3. Alternative Finance Plays a Bigger Role
Post-pandemic, non-bank and alternative lenders have become a critical component of SME finance:
- Invoice finance and receivables-based lending provide liquidity tied directly to business activity.
- Peer-to-peer platforms and fintech lenders offer faster approval cycles, automated scoring, and more flexible terms.
- Specialist lenders allow businesses in sectors under-served by traditional banks to access credit tailored to operational realities.
Alternative finance has filled gaps left by cautious bank lending, particularly for smaller SMEs or those with unconventional risk profiles.
4. Psychological and Behavioural Factors
Beyond structural changes, behavioural shifts have influenced borrowing:
- Risk aversion: SMEs are more sensitive to financial shocks, leading to smaller, more conservative borrowing decisions.

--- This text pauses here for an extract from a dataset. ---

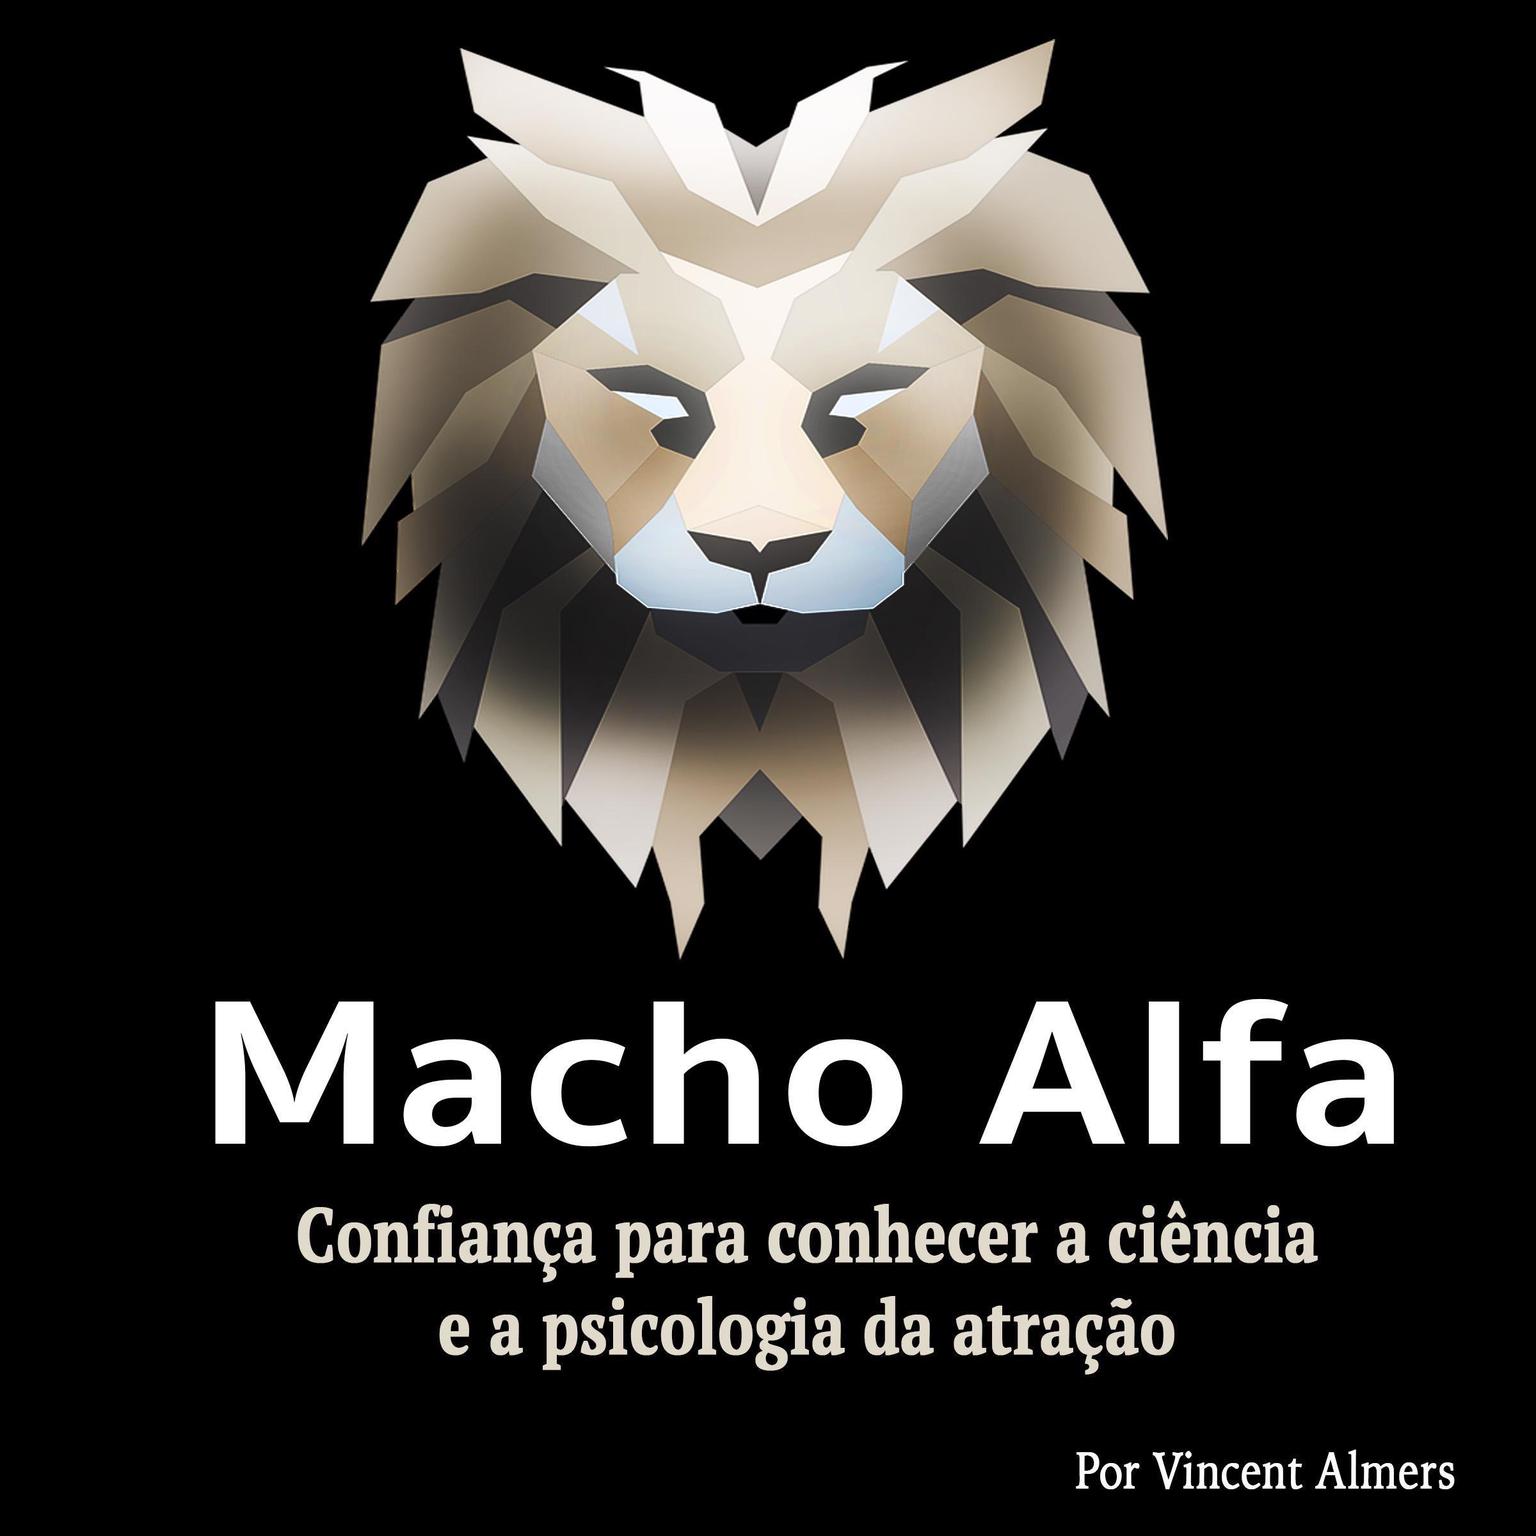 Macho alfa: Confiança para conhecer a ciência e a psicologia da atração (Portuguese Edition) Audiobook, by Vincent Almers
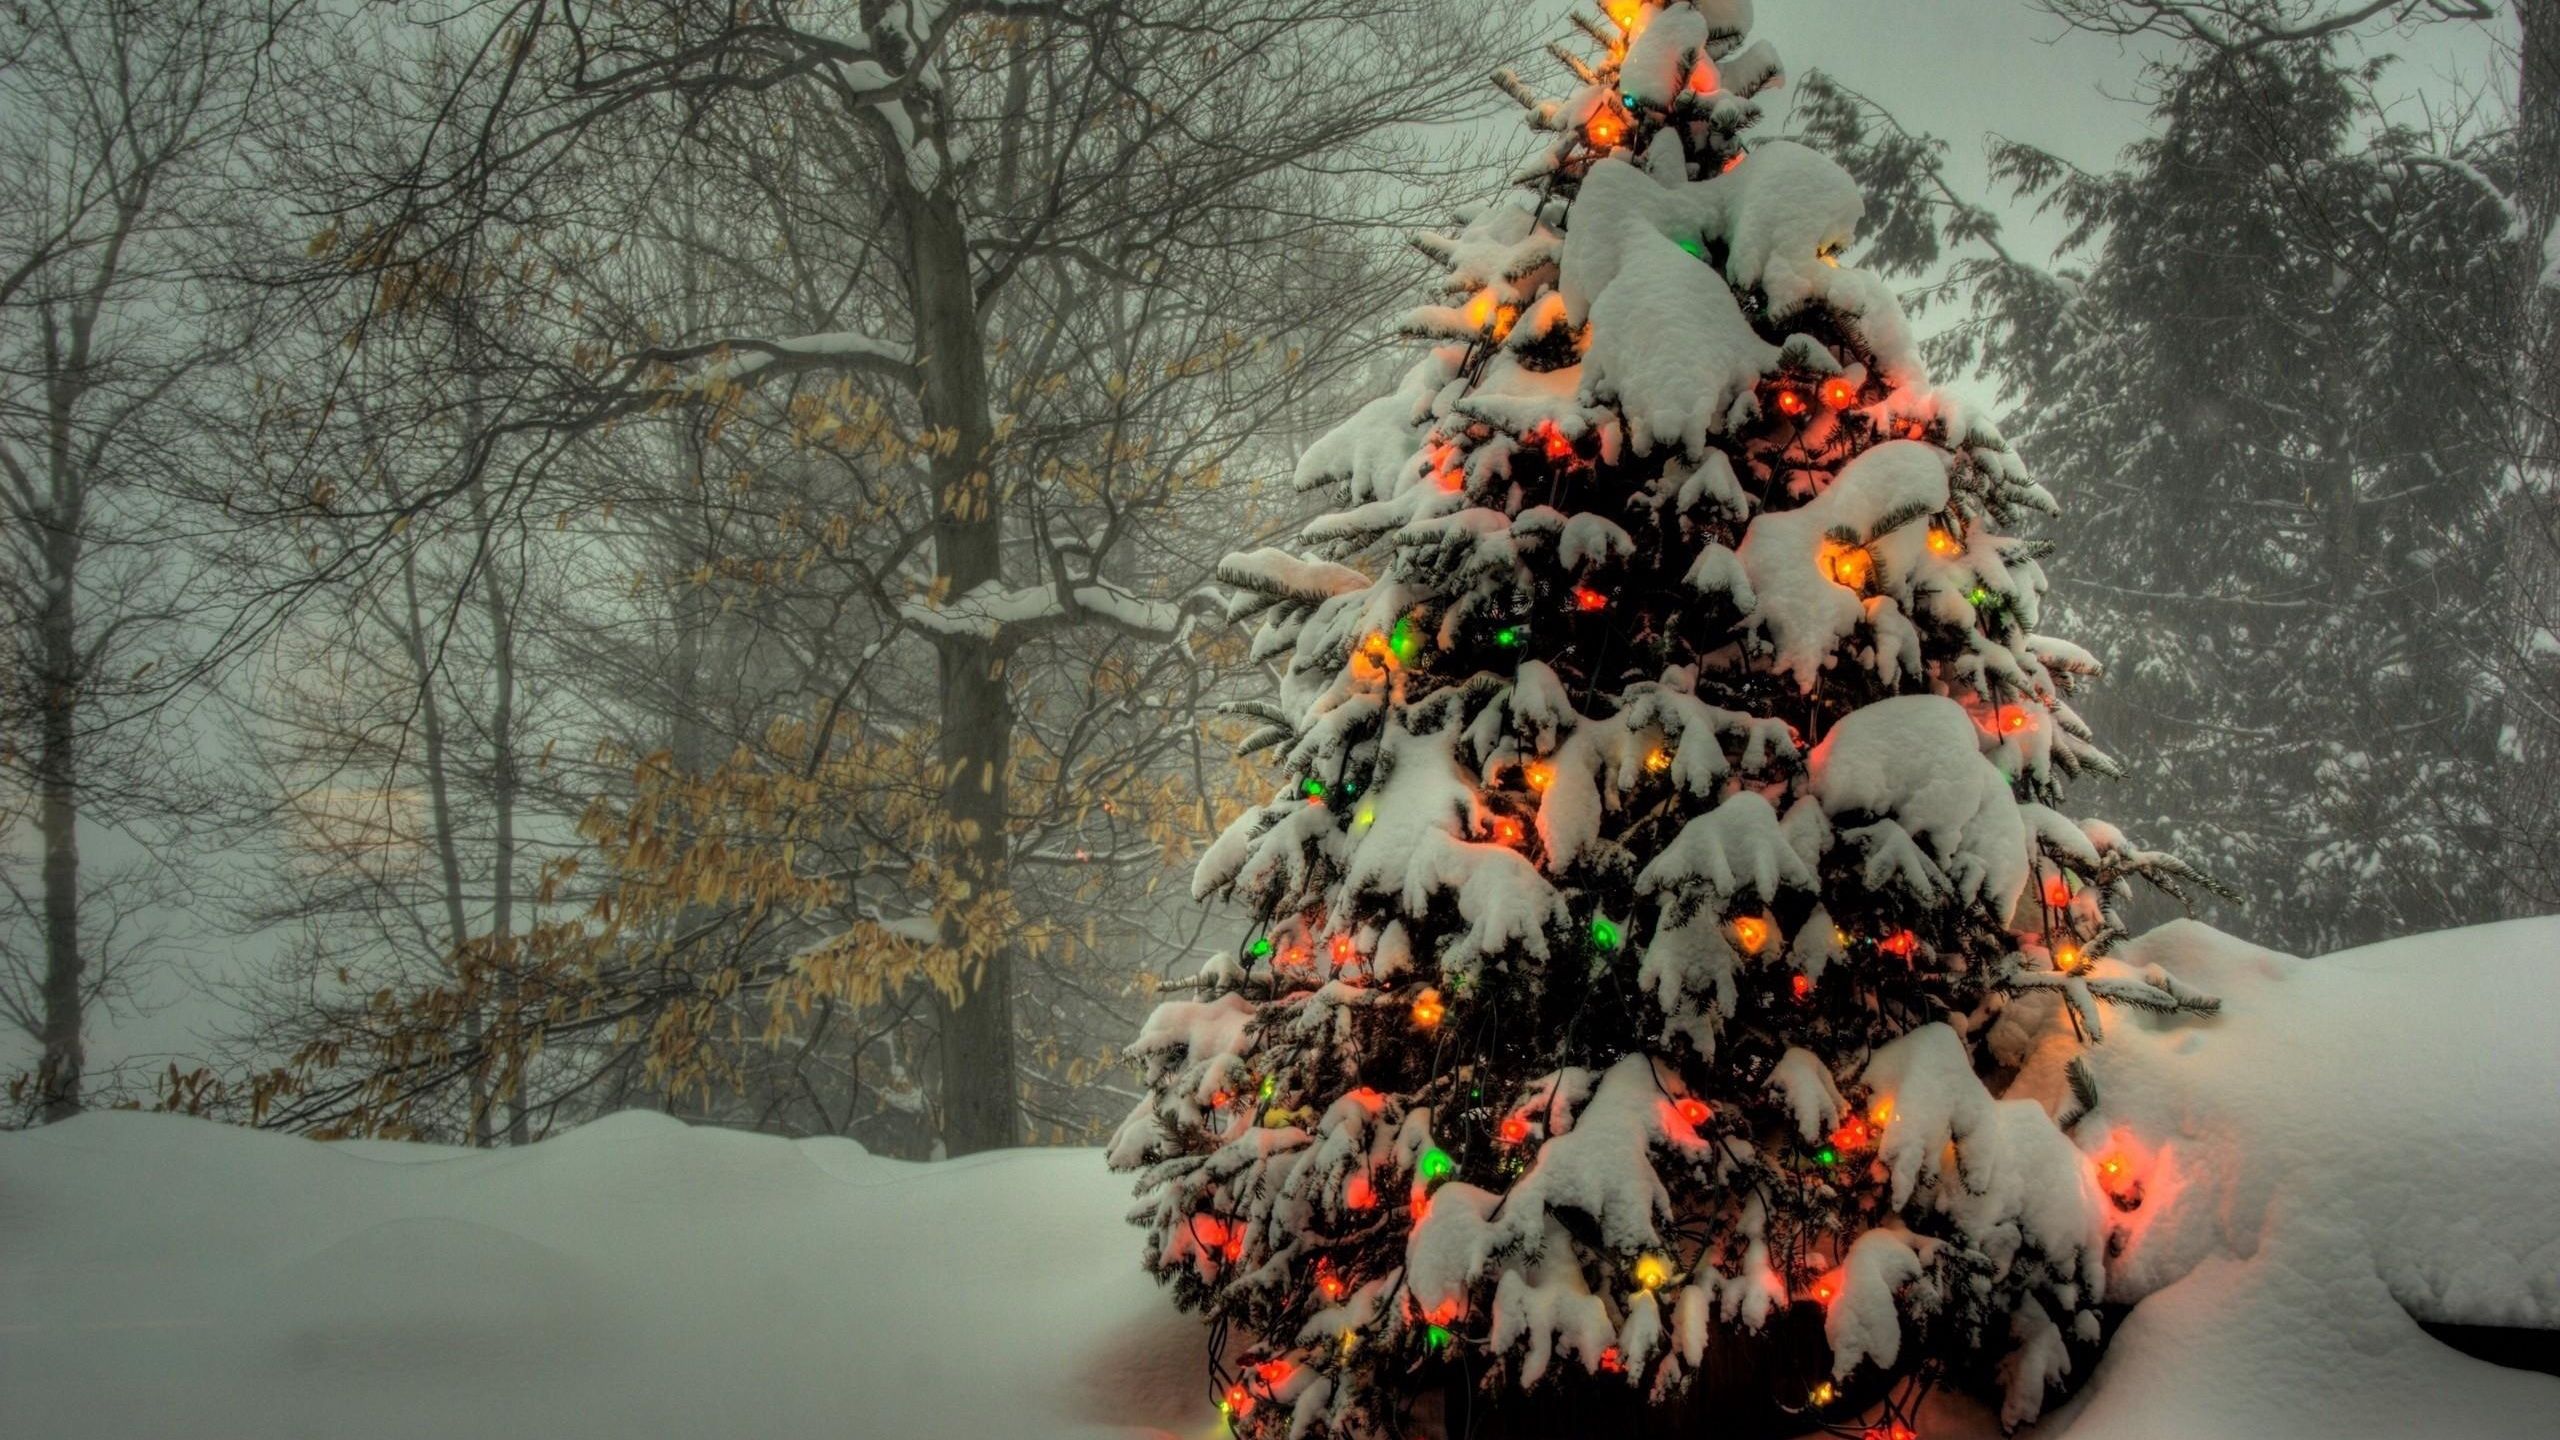 Không gian đón Giáng sinh chỉ cần một chút năng động và phong cách, vậy tại sao bạn không lựa chọn hình nền hoàn hảo nhất cho màn hình của mình. Hình nền dây đèn trang trí cùng cây thông Giáng sinh sẽ mang lại không gian ấm áp và lung linh, rực rỡ hơn bao giờ hết.

- Capital discipline: Firms increasingly balance growth ambitions with liquidity preservation, ensuring buffers to survive economic stress.
- Shock resilience mindset: Business owners consider scenario planning, cash-flow stress tests, and contingency funding in every credit decision.
These behavioural factors have prompted lenders to adjust underwriting expectations, prioritising resilience and repayment capacity over aggressive growth or expansion-driven lending.
5. Lender Adjustments and Market Response
Lenders, in turn, have modified practices post-pandemic:
- Underwriting focused on liquidity and stress testing rather than purely historical profitability.
- Greater emphasis on monitoring and covenants to detect early signs of financial stress.
- Acceptance of alternative data sources to assess risk for non-traditional borrowers.
- Flexible loan structures designed to accommodate repayment holidays, drawdown options, and seasonal cash-flow variations.
These adjustments have aligned credit provision with SMEs’ evolving preferences for lower leverage, shorter maturities, and flexibility.
6. Strategic Takeaways for SMEs
- Prioritise liquidity buffers: Maintain cash-flow resilience for unexpected shocks.
- Consider flexible facilities: Revolving credit, invoice finance, or short-term lines provide strategic agility.
- Diversify financing sources: Explore alternative lenders to complement traditional bank facilities.
- Engage in scenario planning: Factor stress-testing and risk assessments into borrowing decisions.
- Monitor credit trends: Understanding how lenders perceive risk post-pandemic can improve access and terms.
7. Conclusion: The New Norm in SME Borrowing
The post-pandemic era has reshaped SME borrowing in profound ways:
- Businesses are more cautious, less leveraged, and favour flexibility.
- Alternative finance plays a larger role in bridging gaps left by traditional lenders.
- Risk awareness and shock resilience guide both SME borrowing behaviour and lender underwriting.
While the pandemic accelerated these changes, the resulting behaviours are likely to persist well into 2025 and beyond. SMEs that adapt by balancing financial discipline with strategic borrowing flexibility will be best positioned to navigate future economic uncertainties.